Demos por supuesta la mutación anteriormente señalada y las nuevas relaciones entre la estructura económica y la superestructura religiosa. Puesto que esta última se destaca como la representación ejemplar del conflicto, es decir, como el cuadro más completo y detallado de los mecanismos de dominación de los individuos, un ataque frontal a la imaginería de lo trascendente servirá de clave para el desarrollo de una crítica práctica mucho más amplia. La crítica religiosa como presupuesto de toda crítica adquiere así su mejor aclaración. La crítica religiosa como herramienta de desestabilización, o de deconstrucción global, nos permitirá poner de manifiesto que cualquier totalitarismo adquiere sus señas de identidad a través de un código religioso. En otras palabras, que el núcleo de toda forma de opresión social puede ser destripado mediante la denuncia de la fenomenología y la sociología de la religión.

De ahí nuestra apuesta por un ateísmo integral, que no se detenga únicamente ante las afirmaciones teológicas, sino que aspire a adentrarse en una dinámica política, denunciando la impostura de los “dioses” bajo su actual forma de procesos de mercado, de propaganda mediática y de control social. De ahí también la importancia estratégica que concedemos a los “derechos del cuerpo”: el aborto, la libertad sexual, la eutanasia o la reivindicación del suicidio. En tanto se tolere la condena a estos derechos se asegura la supervivencia de códigos patriarcales, ligados al mantenimiento de jerarquías y mecanismos liberticidas.

La defensa de una absoluta libertad de expresión es otra de nuestras apuestas fundamentales.
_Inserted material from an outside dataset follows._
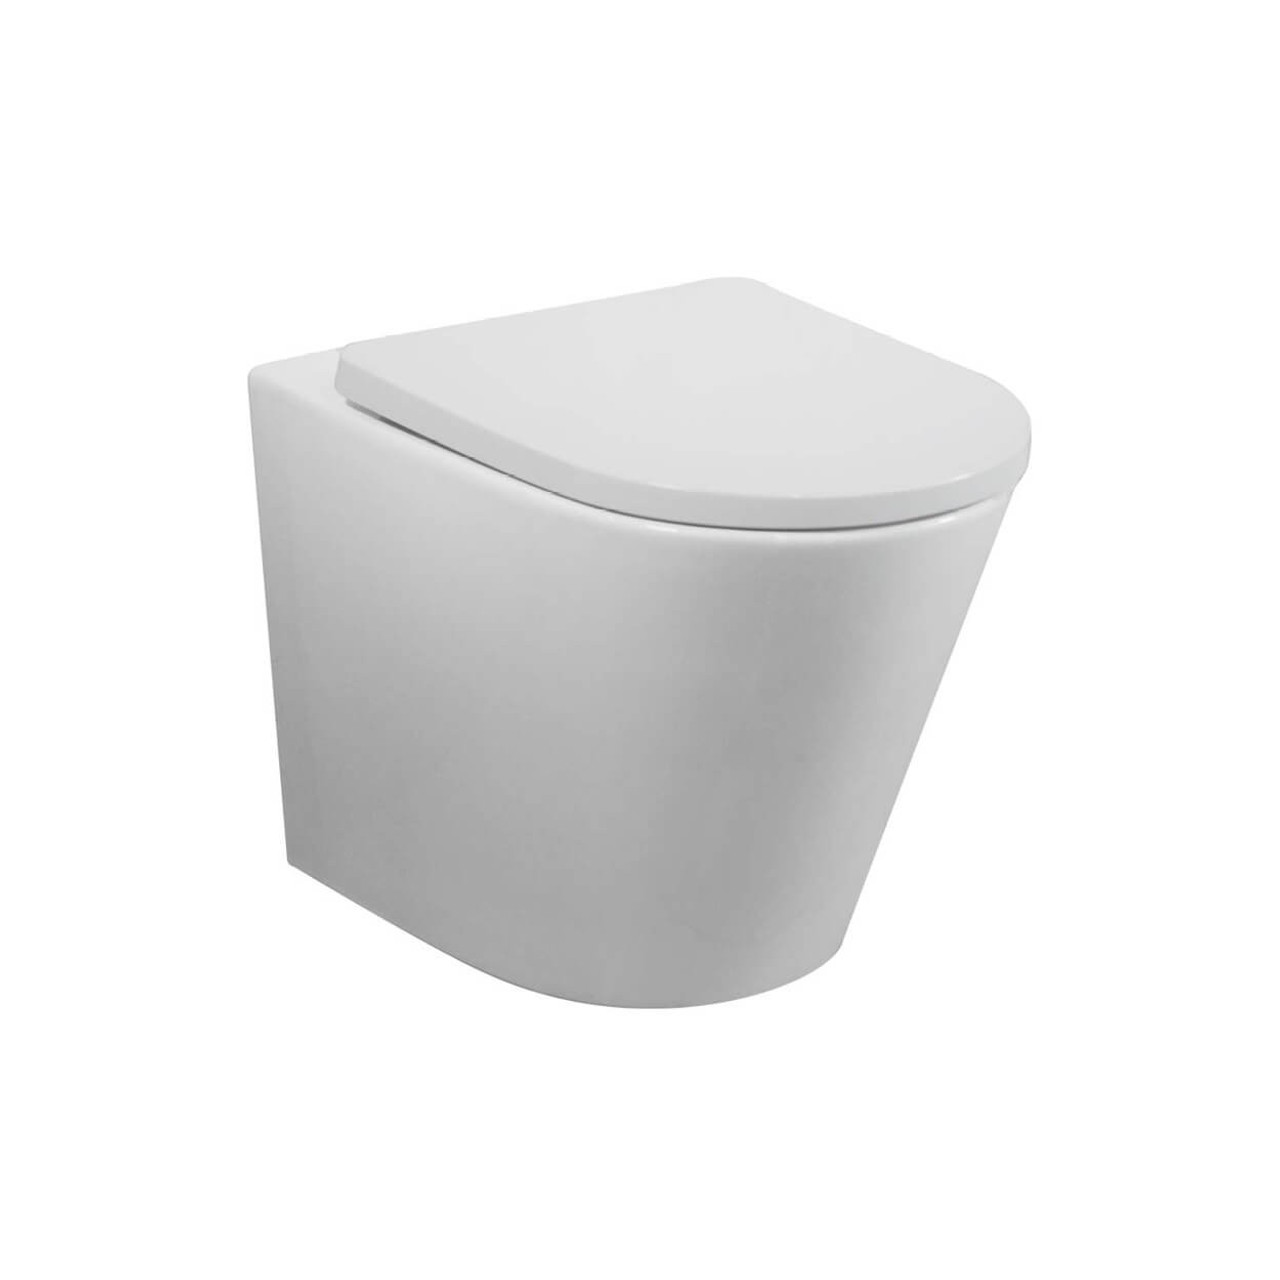  Argent Grace Neu HF WF Toilet Wall Faced Package

Esta libertad se pretende subordinada a un hipotético derecho al “respeto” y a la protección de las corporaciones religiosas, lo que da lugar al surgimiento de leyes anti-blasfemia, permitiendo así su blindaje ante la crítica. La finalidad: asentar las bases para el retorno de una nueva Edad Media, caracterizada por el totalitarismo ideológico y por la aceptación de la censura. Frente a ello, en FIdA consideramos inevitable una confrontación con el lenguaje religioso dominante, que en nuestra situación es, sin duda, el emitido por la iglesia ratzingueriana.

Estamos obligados a cuestionarnos las posibilidades de “desencadenar”, o al menos sugerir, interpretaciones críticas de la realidad. La política tradicional de la izquierda confía sobre todo en la fuerza de los contenidos. Pero tales contenidos deben principalmente dirigirse a romper la red de manipulación de los medios, con los cuales se moldea la conciencia de las masas. Para nosotros, hay dos propósitos preponderantes: la deconstrucción de los códigos de la gramática cultural hegemónica y la difusión de códigos alternativos propios. Nuestro objetivo no es otro que el de perturbar, confundir y desplazar el mensaje emitido por los medievalismos contemporáneos.